══ Given data ══

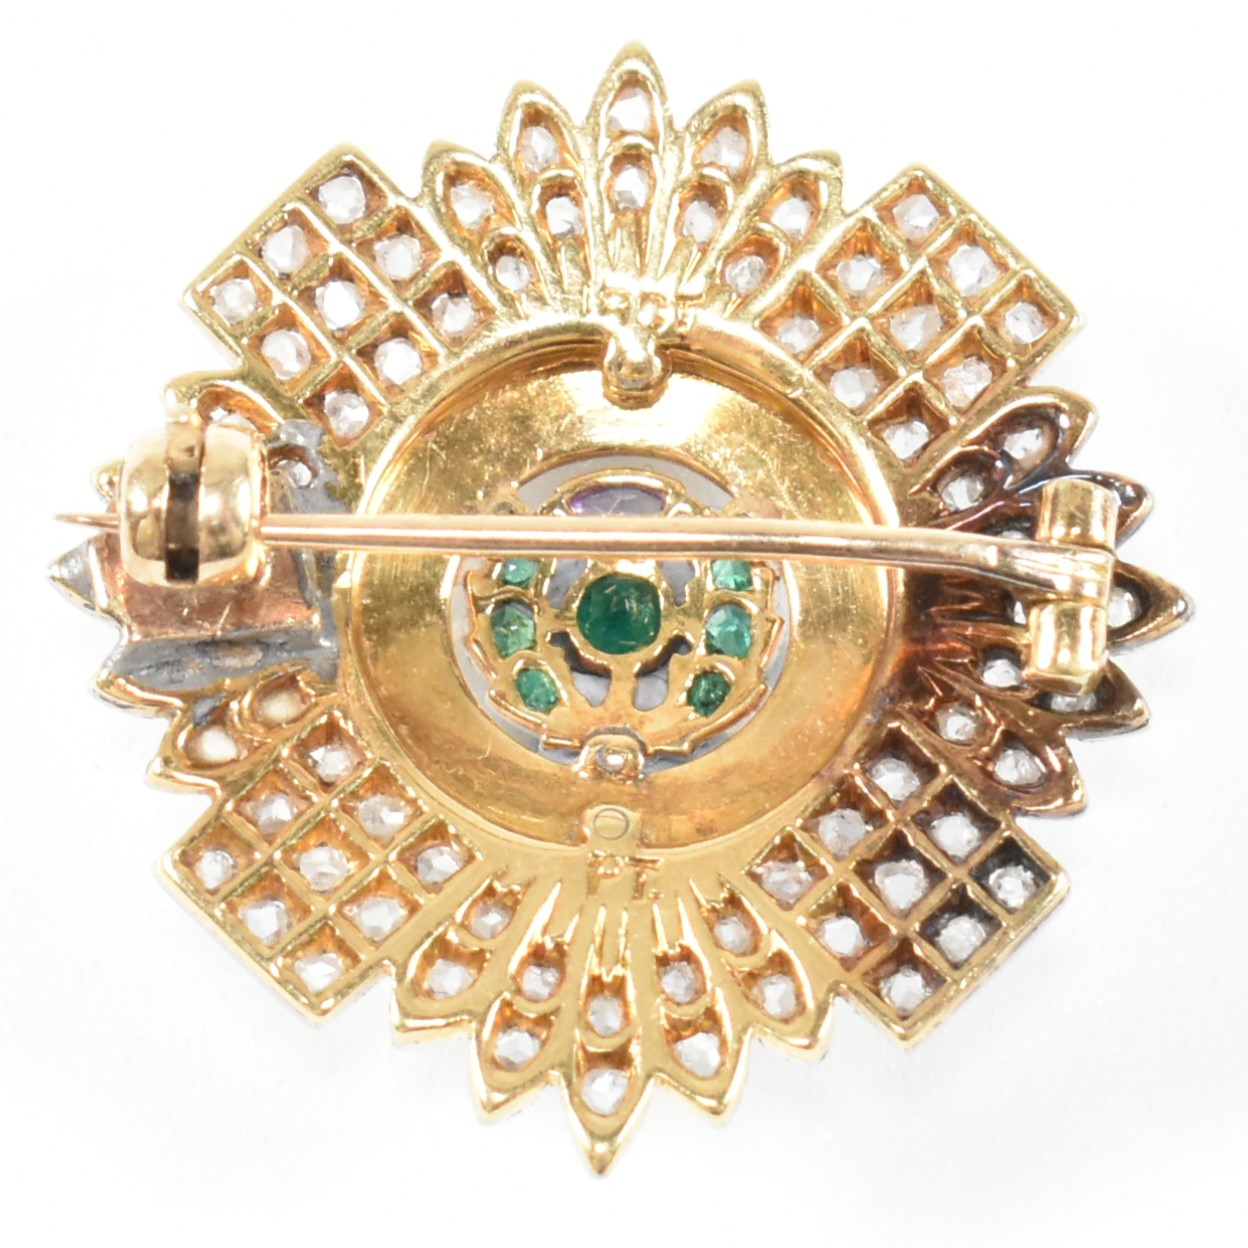 EARLY 20TH CENTURY SCOTS GUARDS SWEETHEART BROOCH - Image 2 of 8
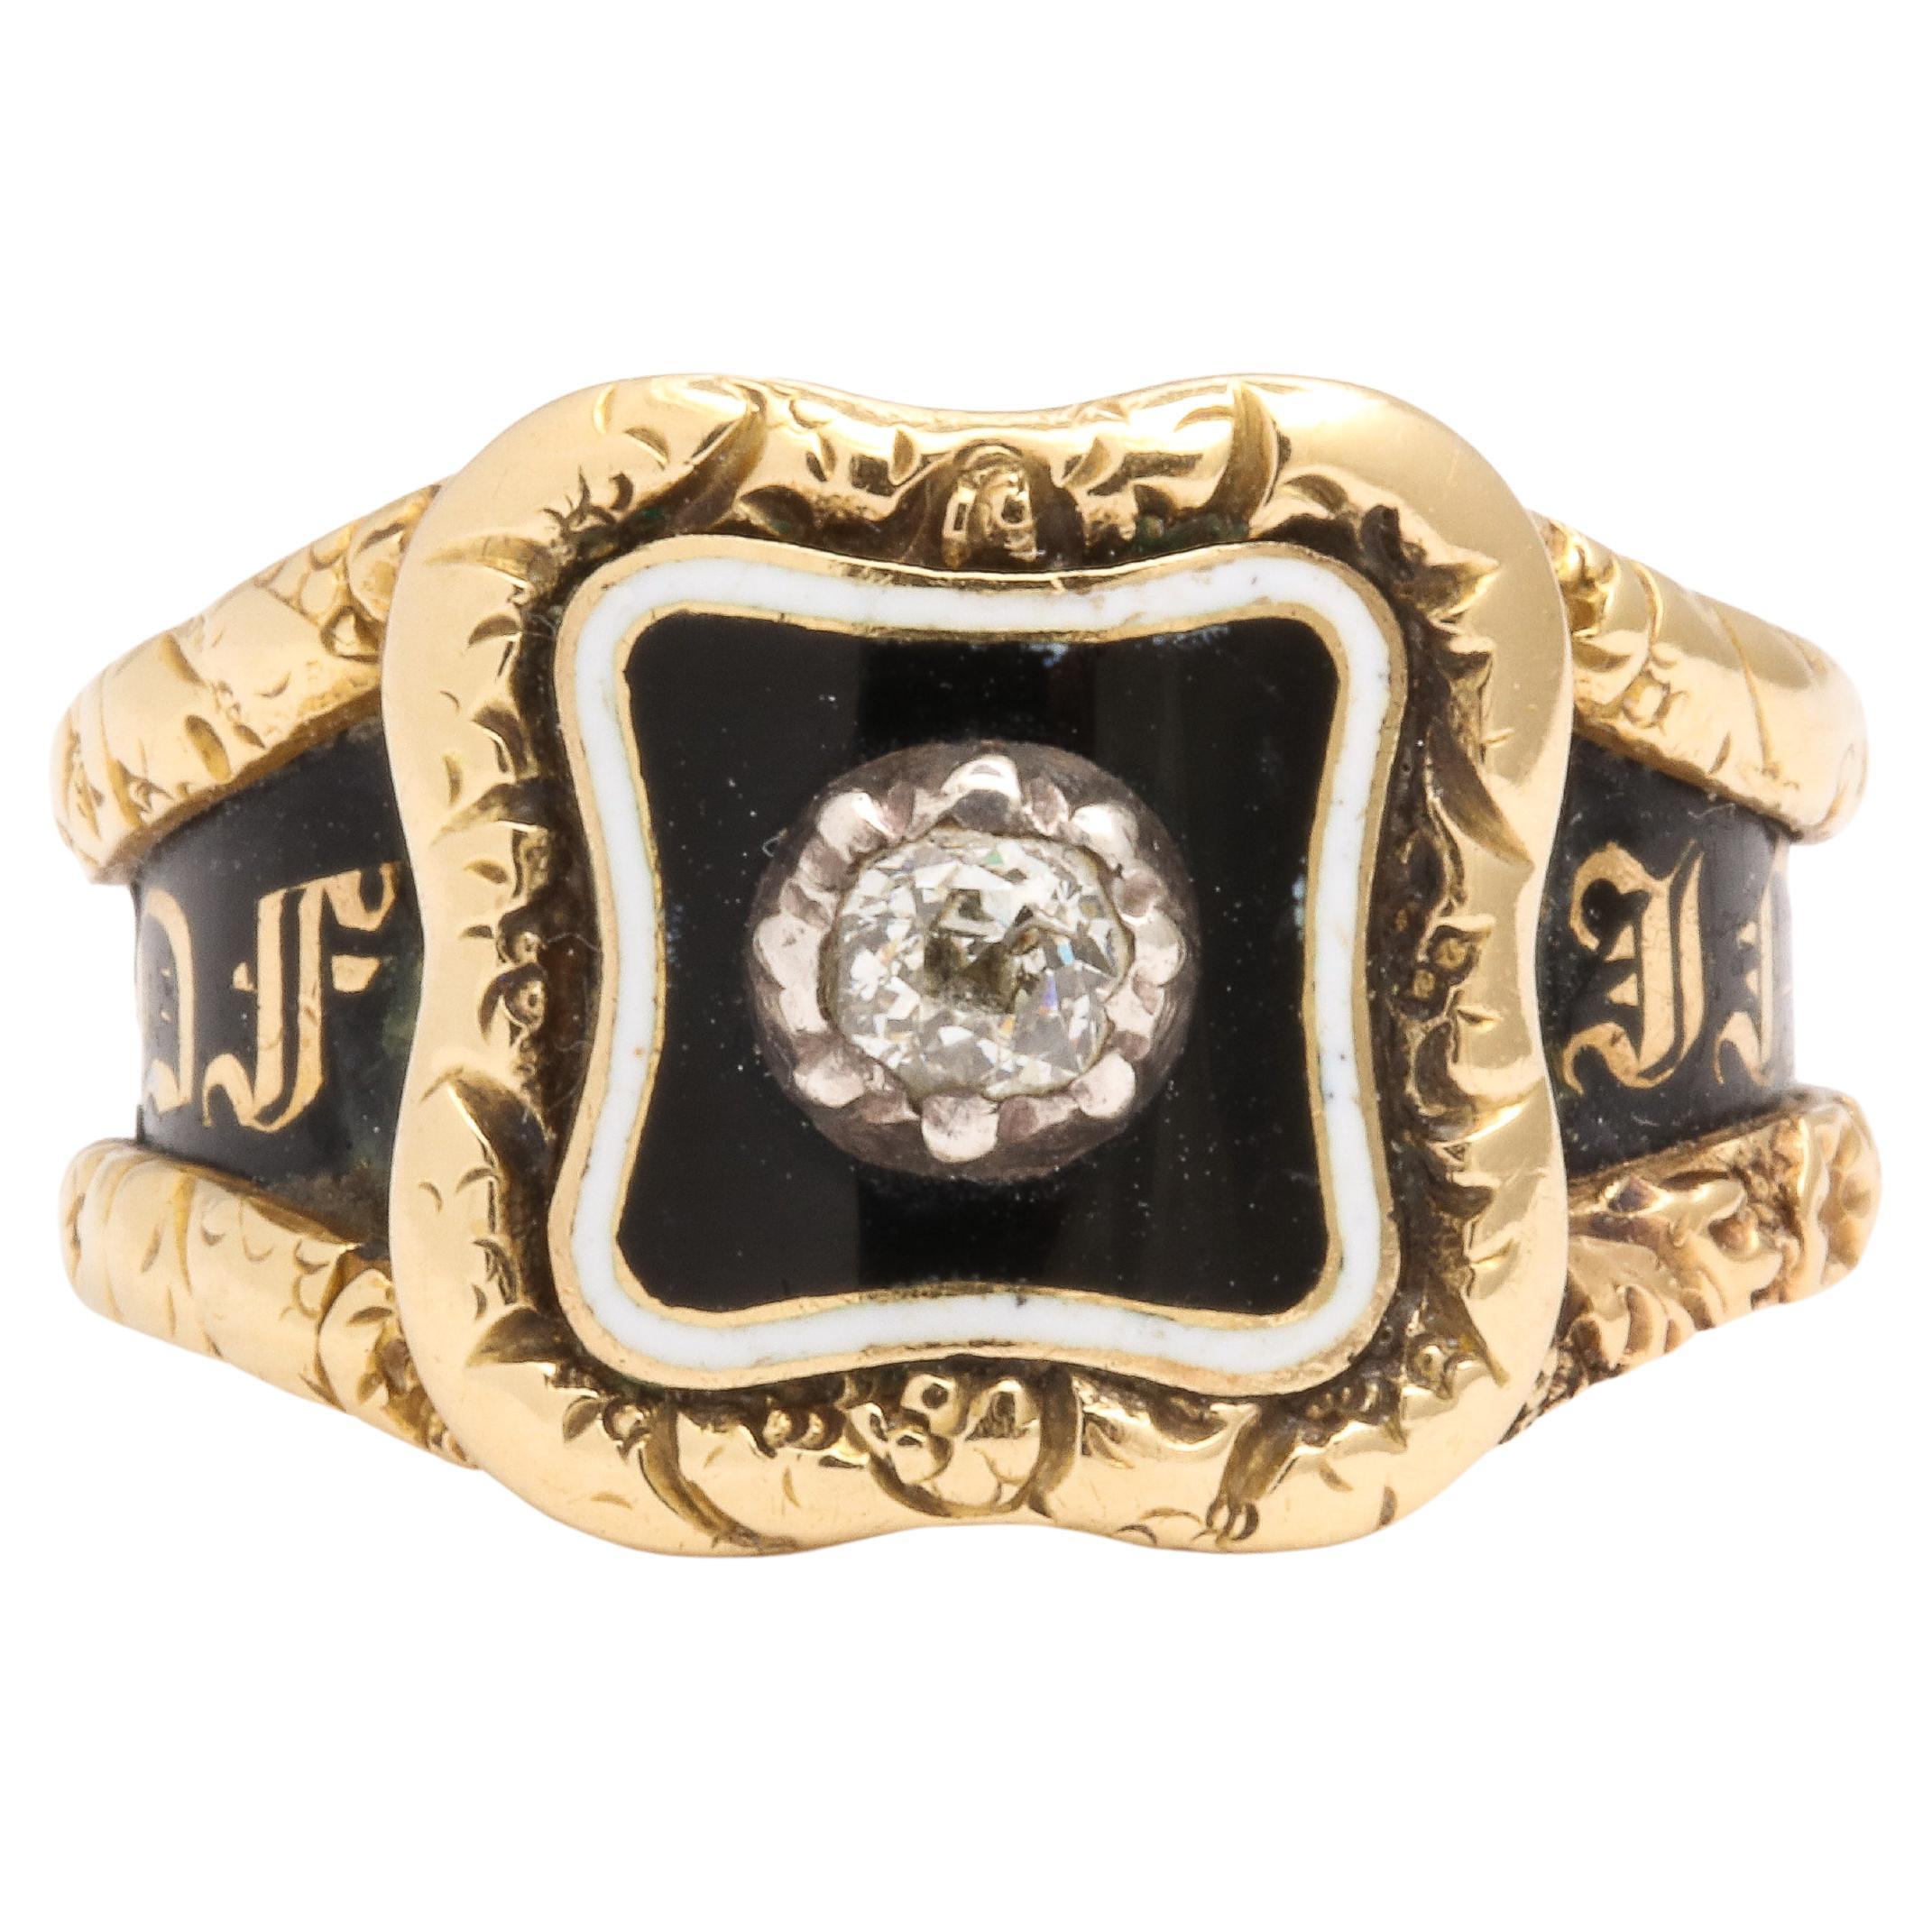 Georgian Memorial Ring with Enamel and Diamond in 18 Kt Gold
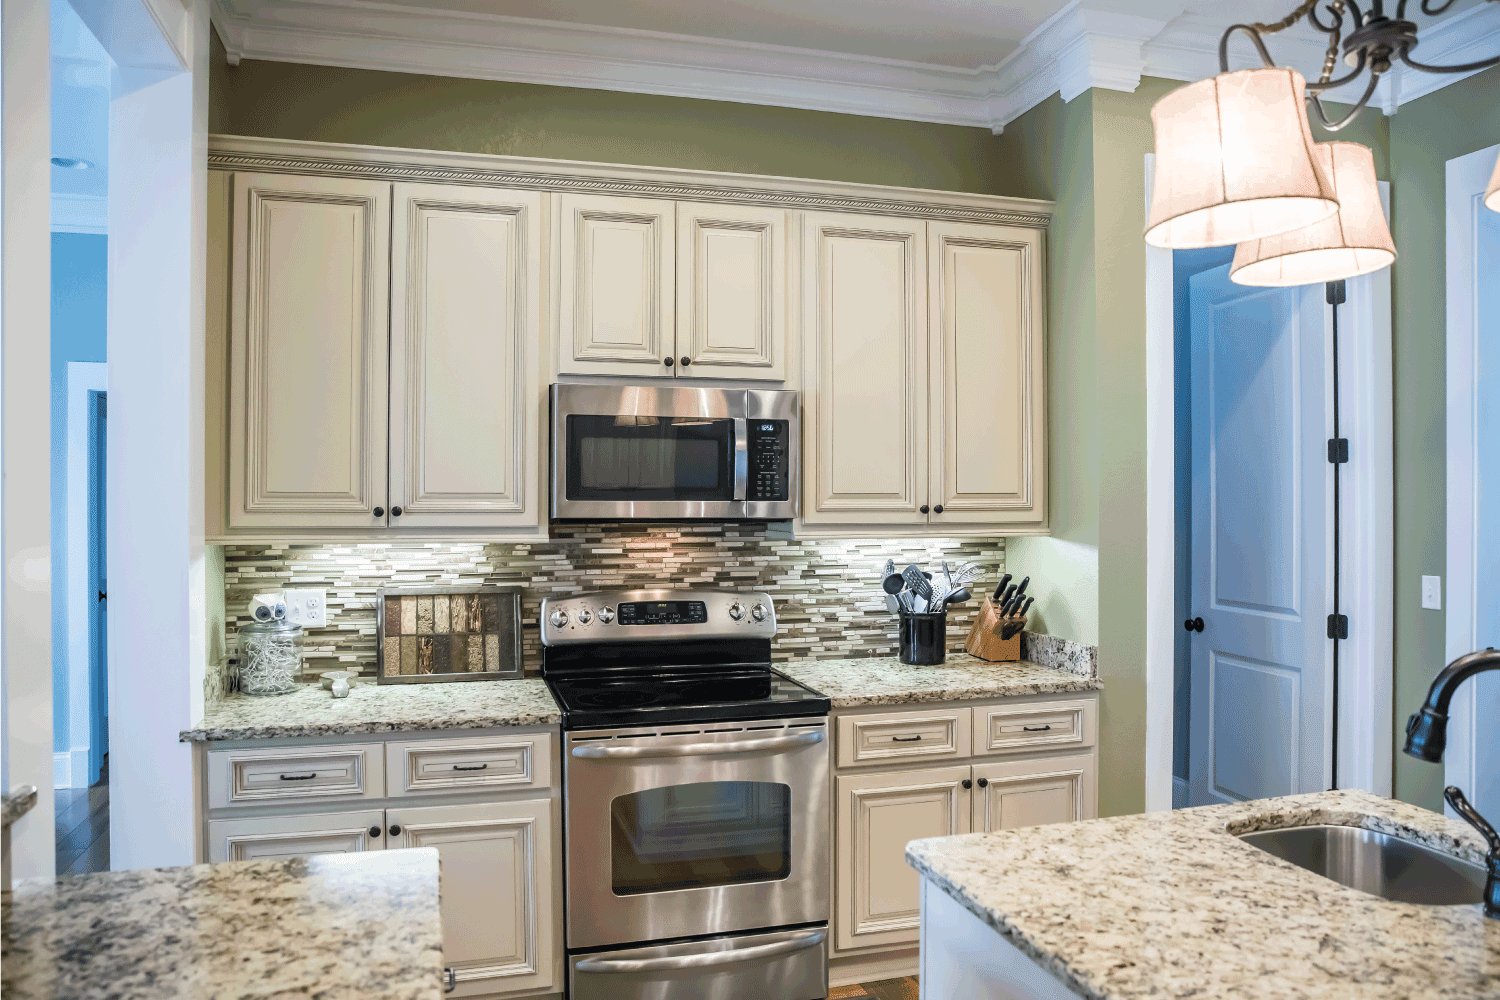 small appliance microwave in a green kitchen with cream colored cabinets in a new construction home with granite countertops and lots of cabinets and storage space

═══

* What you will do *
Hand back exactly the lines from the one with "Georgian Memorial Ring" through the last line of the data above, both ends included, with every picture left out.

* Response for this exercise *
 Georgian Memorial Ring with Enamel and Diamond in 18 Kt Gold
 small appliance microwave in a green kitchen with cream colored cabinets in a new construction home with granite countertops and lots of cabinets and storage space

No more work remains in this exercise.